Riva-specific parameters you can set in litellm_params (or pass directly to transcription(...)):

ParamDefaultPurpose
nvcf_function_idunsetNVCF function id. When set, defaults use_ssl=True and attaches NVCF metadata.
use_sslTrue if nvcf_function_id is set, else FalseForce TLS on or off. Useful for self-hosted Riva behind a TLS ingress.
riva_model_name"" (auto-select)Override the internal Riva model name. Leaving it empty lets Riva pick based on language_code + sample_rate_hertz. Recommended unless you know exactly what you want.
enable_automatic_punctuationTrueStandard Riva flag.
endpointing_configunsetPass a dict that mirrors Riva's EndpointingConfig (start_threshold, stop_threshold, stop_history, stop_history_eou, ...).
chunking_strategyunsetOpenAI-style VAD config ({"type": "server_vad", "threshold": 0.5, "silence_duration_ms": 700, "prefix_padding_ms": 250}). LiteLLM translates it to Riva's EndpointingConfig.

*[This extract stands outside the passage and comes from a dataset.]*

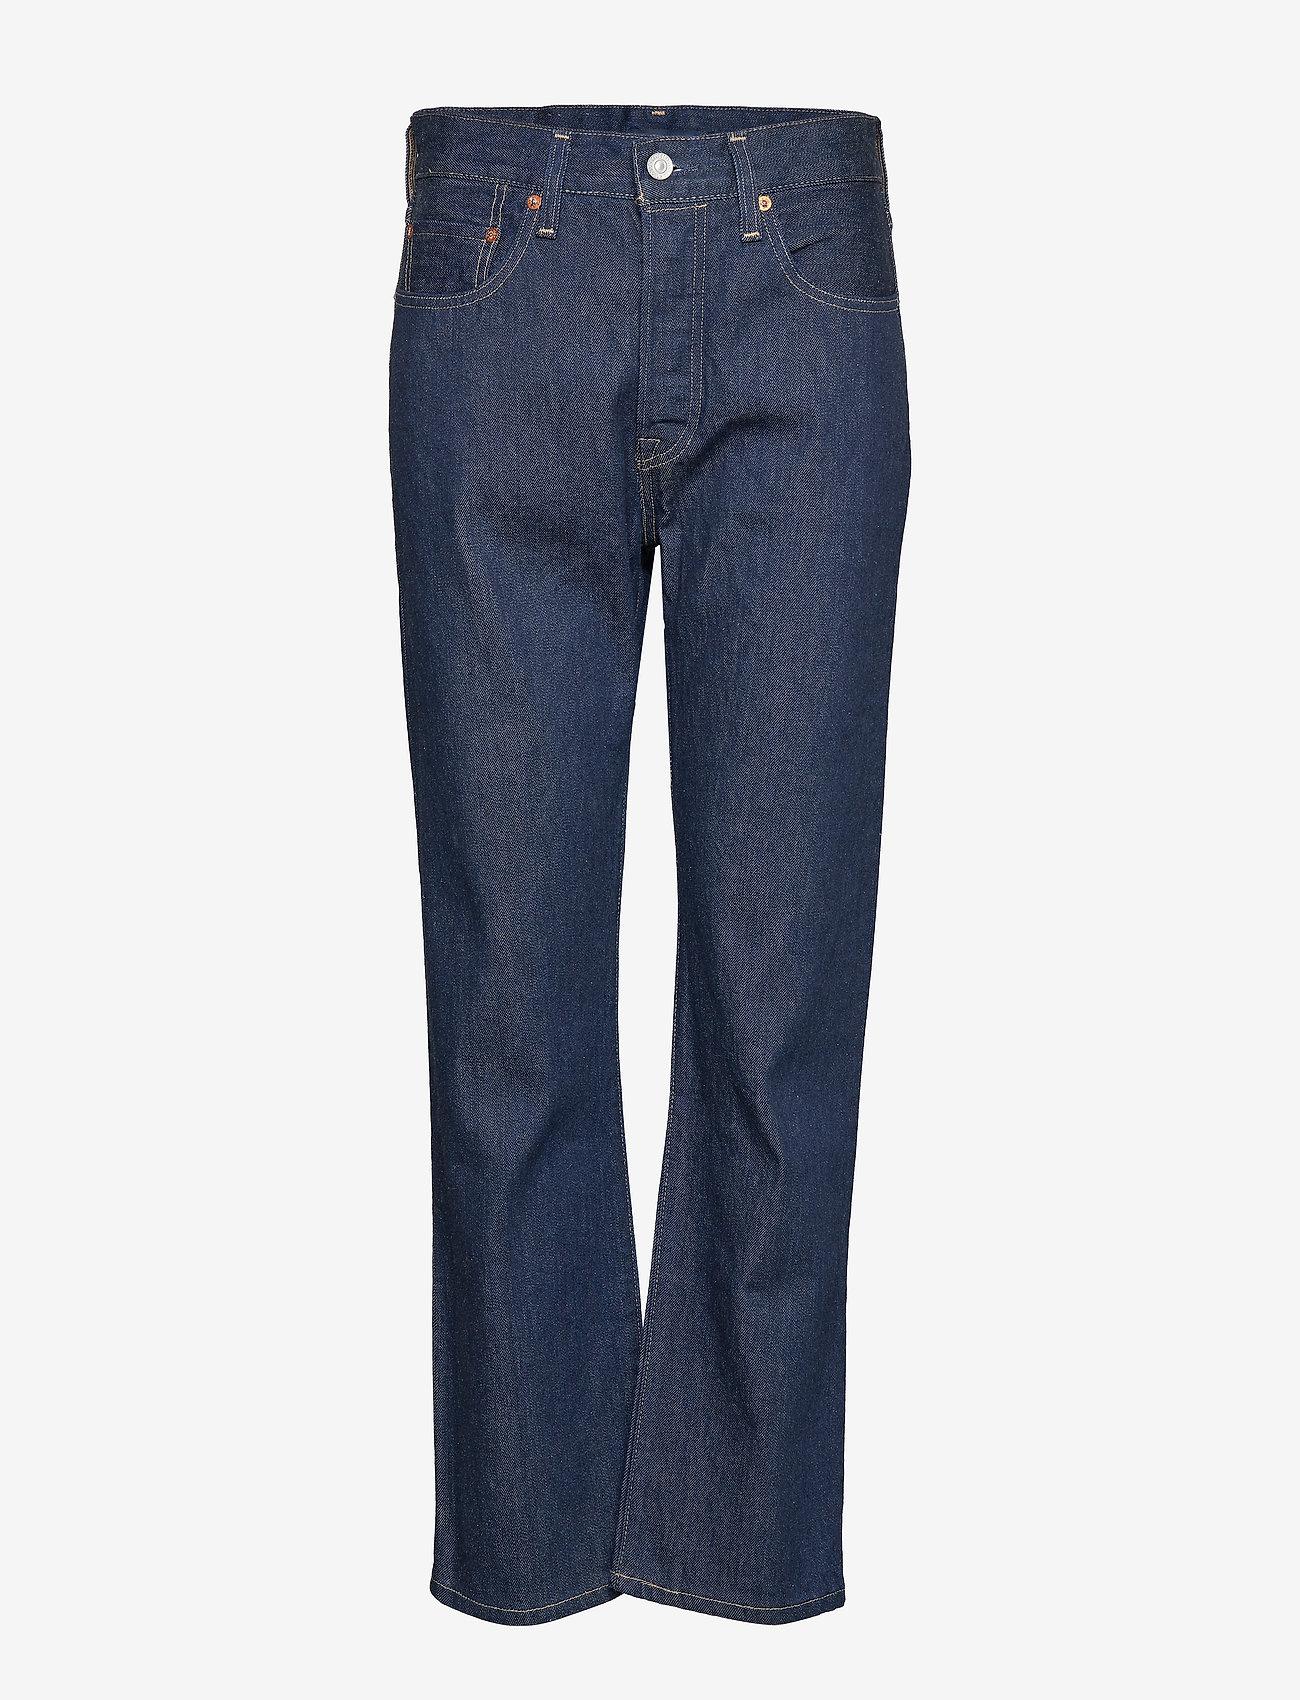 Levi's Made & Crafted - 501 CROP LMC RAW INDIGO - straight jeans - dark indigo - flat finish - 0

Why is riva_model_name empty by default?​

Internal Riva deployment names like parakeet-1.1b-en-US-asr-streaming-silero-vad-sortformer are NVIDIA's deployment identifiers. They change across NIM versions, regions, and self-hosted builds. Leaving model="" in RecognitionConfig lets Riva auto-select the right one based on language_code and sample_rate_hertz — which is what you almost always want. Only set riva_model_name if you have a specific deployed model you need to pin.

Audio formats​

LiteLLM decodes inbound audio with soundfile (wav / flac / ogg) and falls back to audioread for mp3 / m4a / mp4 / webm. Audio is then resampled to 16 kHz mono LINEAR_PCM before streaming to Riva.

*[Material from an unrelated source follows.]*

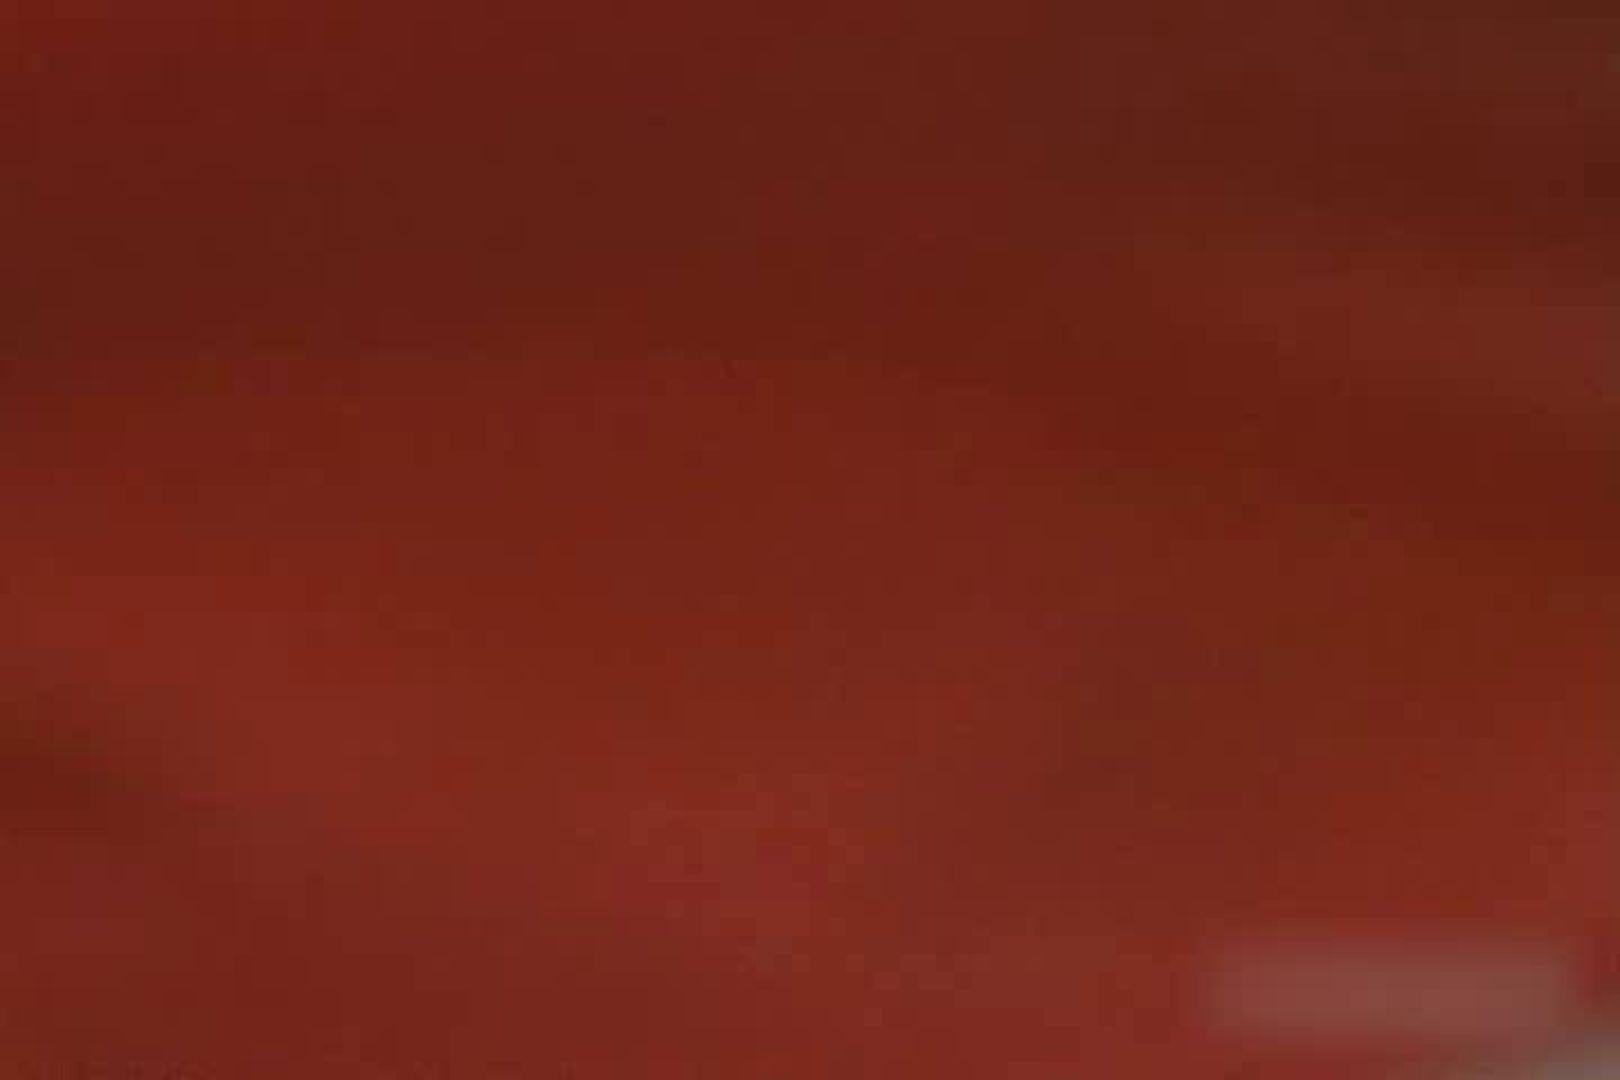 RQカメラ地獄Vol.28 OLの実態 | アイドルの実態  25pic 21

If decoding fails (e.g. exotic codecs, DRM, or audioread not installed), LiteLLM raises a clear error asking you to convert upstream:

ffmpeg -i input.mp3 -ac 1 -ar 16000 -sample_fmt s16 output.wav

Environment variables​

VariablePurpose
NVIDIA_RIVA_API_KEYAPI key sent as authorization: Bearer .... NVCF expects nvapi-....
NVIDIA_RIVA_API_BASEDefault host:port for the gRPC endpoint. Same effect as setting api_base in litellm_params.
NVIDIA_NIM_API_KEYUsed as a fallback for NVIDIA_RIVA_API_KEY since most users reuse the same nvapi-... key across NVCF services.

Notes & limitations​

  • Transport is gRPC streaming. NVCF only supports streaming ASR today, so even short files are sent as a stream.
  • Diarization (diarization_config) and srt / vtt response formats aren't wired up yet — open an issue if you need them.
  • Cost calc: Riva doesn't return token usage. LiteLLM stores the audio duration on _hidden_params["audio_transcription_duration"] so cost can be derived externally.